ツバメの巣とアトピー性皮膚炎の関係についてはこちら
https://tsubame-lab.jp/effect-efficacy/873.html
ツバメの巣の肌への効果の詳細はこちら
https://tsubame-lab.jp/effect-efficacy/807.html
デフェリフェリクリシン
デフェリフェリクリシンとは、日本酒や酒粕、米麹などに含まれる成分です。このデフェリフェリクリシンにも、フィラグリンを増やす効果があるとの研究結果が出ています。
日本酒が美容によいとして、化粧品や入浴剤などに使われることがあるのは知っている方が多いでしょう。
今後はさらにデフェリフェリクリシンによるフィラグリン増量の効果を活用した、皮膚のバリア機能に働きかける化粧品やアトピー性皮膚炎治療薬なども開発される可能性があります。
インチンコウエキス
インチンコウエキスは、成熟したカワラヨモギから採取されるエキスで、「カワラヨモギエキス」と呼ばれることもあります。インチンコウエキスを角層につけると、フィラグリンの発現を促す作用があることが研究で判明しています。
なお、インチンコウは、生薬として用いられる植物です。黄疸や二日酔いなどの症状が出ているときに用いられるほか、アレルギー性疾患の予防・治療に役立つといわれています。
マンダリンオレンジ果皮エキス+サガラメエキス
マンダリンオレンジ果皮エキスとサガラメエキスの混合物を使用したスキンケア製品にも、フィラグリン発現の作用があることがわかっています。
マンダリンオレンジ果皮エキスとは、名称どおりマンダリンオレンジの果皮から抽出されるエキスです。「チンピエキス」と表記されていることもあります。サガラメエキスとは、サガラメという海藻から抽出されるエキスです。
研究はマンダリンオレンジ果皮エキス単体、サガラメエキス単体、マンダリンオレンジ果皮エキスとサガラメエキスの混合物で行われました。
その結果、マンダリンオレンジ果皮エキス単体ではフィラグリン発現が見られなかったものの、サガラメエキス単体、マンダリンオレンジ果皮エキスとサガラメエキスの混合物ではフィラグリンが発現しています。
参考 https://www.shinryo-to-shinyaku.com/db/pdf/sin_0057_03_0239.pdf
保湿改善には保湿成分のある化粧品を活用しよう!
フィラグリンは角層を構成するたんぱく質であり、皮膚のバリア機能や保湿力の維持などの役割をもつ物質です。

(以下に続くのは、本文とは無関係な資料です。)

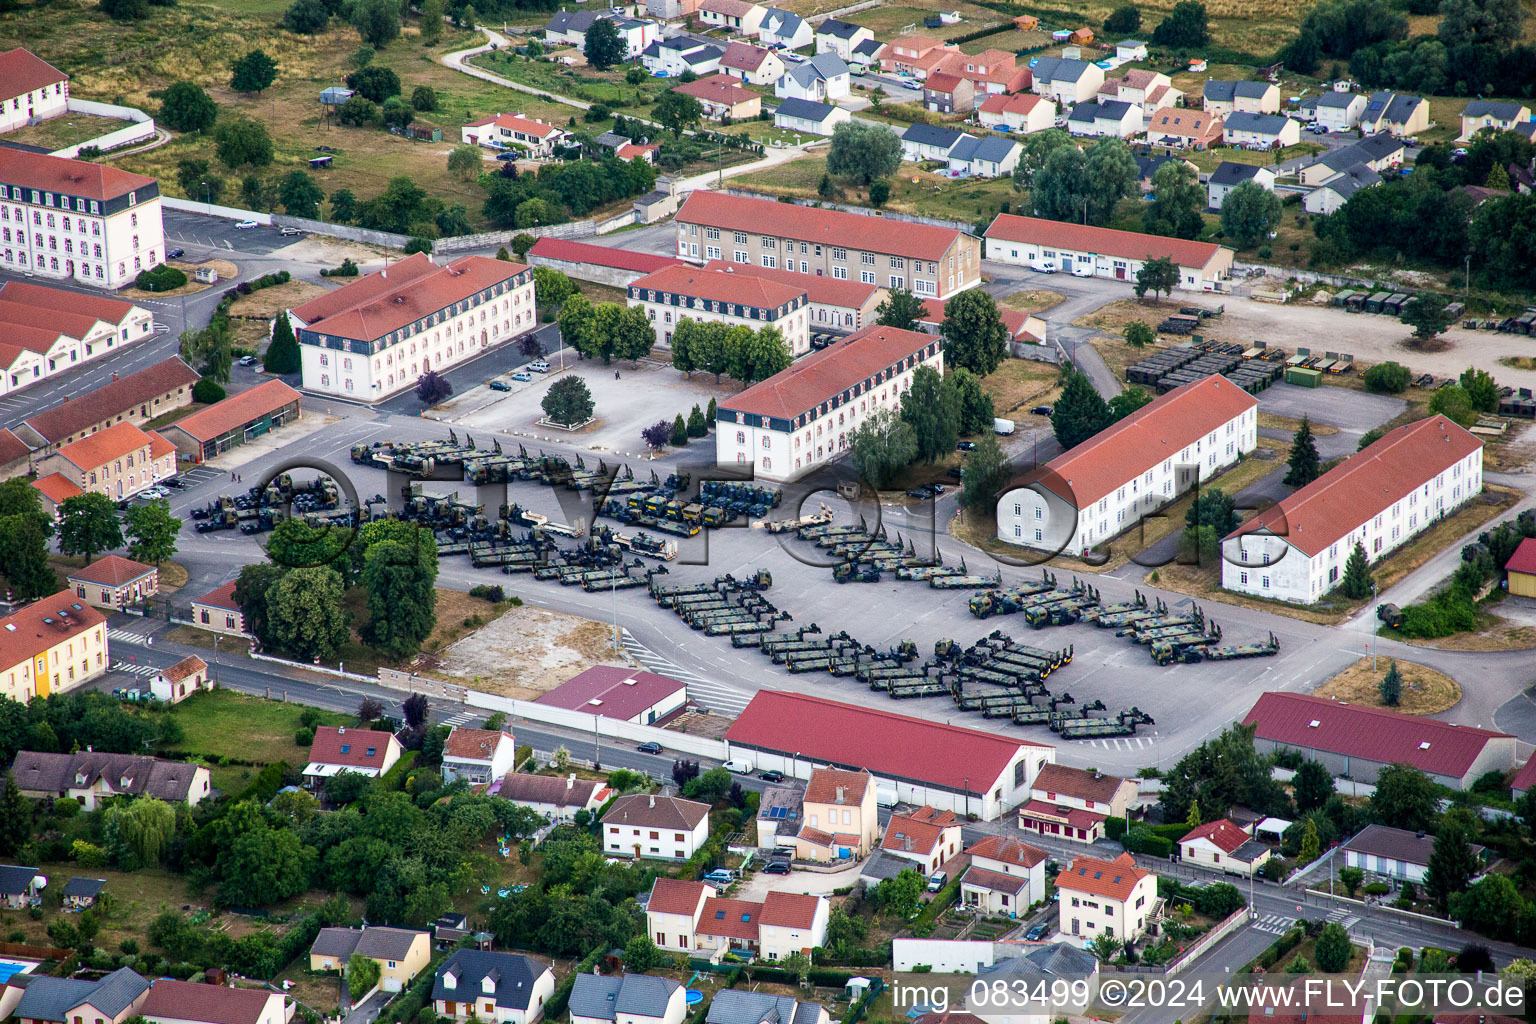 Building complex of the French army - military barracks of the 516th railway Regiment in Ecrouves in Grand Est, France

フィラグリンが不足すると皮膚の潤いが減り、バリア機能が低下するため外部刺激への抵抗力が落ちてしまいます。
また、フィラグリンの遺伝子変異によってフィラグリンが消失・減少し、アトピー性皮膚炎を発症するケースがあることも判明しています。
ツバメの巣エキスやデフェリフェリクリシン、インチンコウエキスなどにフィラグリンを増やす効果が期待できるといわれているため、皮膚の保湿力を改善したい場合はこれらの成分が配合された化粧品を活用してみましょう。